Please use this identifier to cite or link to this item: http://hdl.handle.net/1942/17046
Title: Genetic Variation in Immunoglobulin G Receptor Affects Survival After Lung Transplantation
Authors: Ruttens, D.
Verleden, S. E.
Goeminne, P. C.
Vandermeulen, E.
Wauters, E.
COX, Bianca 
Vos, R.
Van Raemdonck, D. E.
LAMBRECHTS, Danny 
Vanaudenaerde, B. M.
Verleden, G. M.
Issue Date: 2014
Publisher: WILEY-BLACKWELL
Source: AMERICAN JOURNAL OF TRANSPLANTATION, 14 (7), p. 1672-1677
Abstract: Chronic rejection remains the most important complication after lung transplantation (LTx). There is mounting evidence that both rheumatoid arthritis and chronic rejection share similar inflammatory mechanisms. As genetic variants in the FCGR2A gene that encodes the immunoglobulin gamma receptor (IgGR) have been identified in rheumatoid arthritis, we investigated the relationship between a genetic variant in the IgGR gene and chronic rejection and mortality after LTx. Recipient DNA from blood or explant lung tissue of 418 LTx recipients was evaluated for the IgGR (rs12746613) polymorphism. Multivariate analysis was carried out, correcting for several co-variants. In total, 216 patients had the CC-genotype (52%), 137 had the CT-genotype (33%) and 65 had the TT-genotype (15%). Univariate analysis demonstrated higher mortality in the TT-genotype compared with both other genotypes (p<0.0001). Multivariate analysis showed that the TT-genotype had worse survival compared with the CC-genotype (hazard ratio [HR]=2.26, p=0.0002) but no significance was observed in the CT-genotype (HR=1.32, p=0.18). No difference was seen for chronic rejection. The TT-genotype demonstrated more respiratory infections (total, p=0.037; per patient, p=0.0022) compared with the other genotypes. A genetic variant in the IgGR is associated with higher mortality and more respiratory infections, although not with increased prevalence of chronic rejection, after LTx.

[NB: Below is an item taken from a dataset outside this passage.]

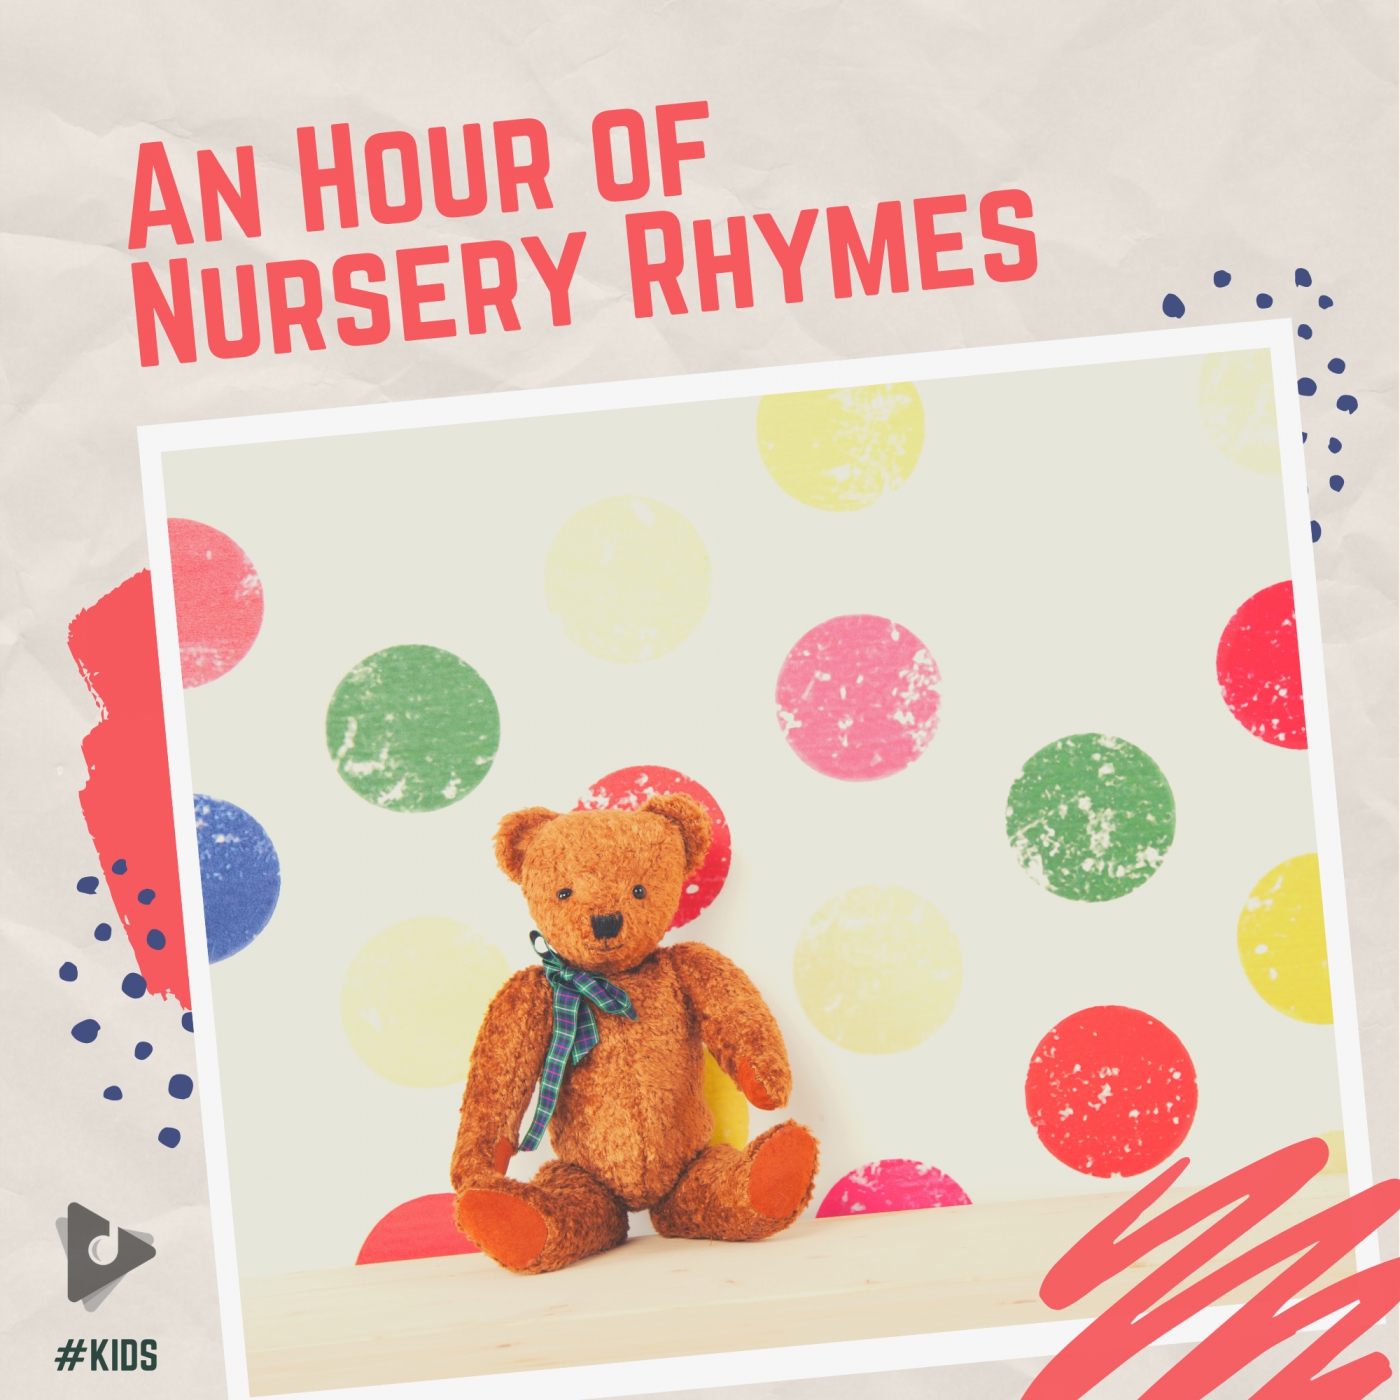 An Hour of Nursery Rhymes

Notes: [Ruttens, D.; Verleden, S. E.; Goeminne, P. C.; Vandermeulen, E.; Vos, R.; Van Raemdonck, D. E.; Vanaudenaerde, B. M.; Verleden, G. M.] Katholieke Univ Leuven, Lung Transplant Unit, Lab Pneumol, Univ Hosp Gasthuisberg Leuven, Leuven, Belgium. [Wauters, E.; Lambrechts, D.] VIB, VRC, Leuven, Belgium. [Wauters, E.; Lambrechts, D.] Katholieke Univ Leuven, Lab Translat Genet, Dept Oncol, Leuven, Belgium. [Cox, B.] Hasselt Univ, Ctr Environm Sci, Diepenbeek, Belgium.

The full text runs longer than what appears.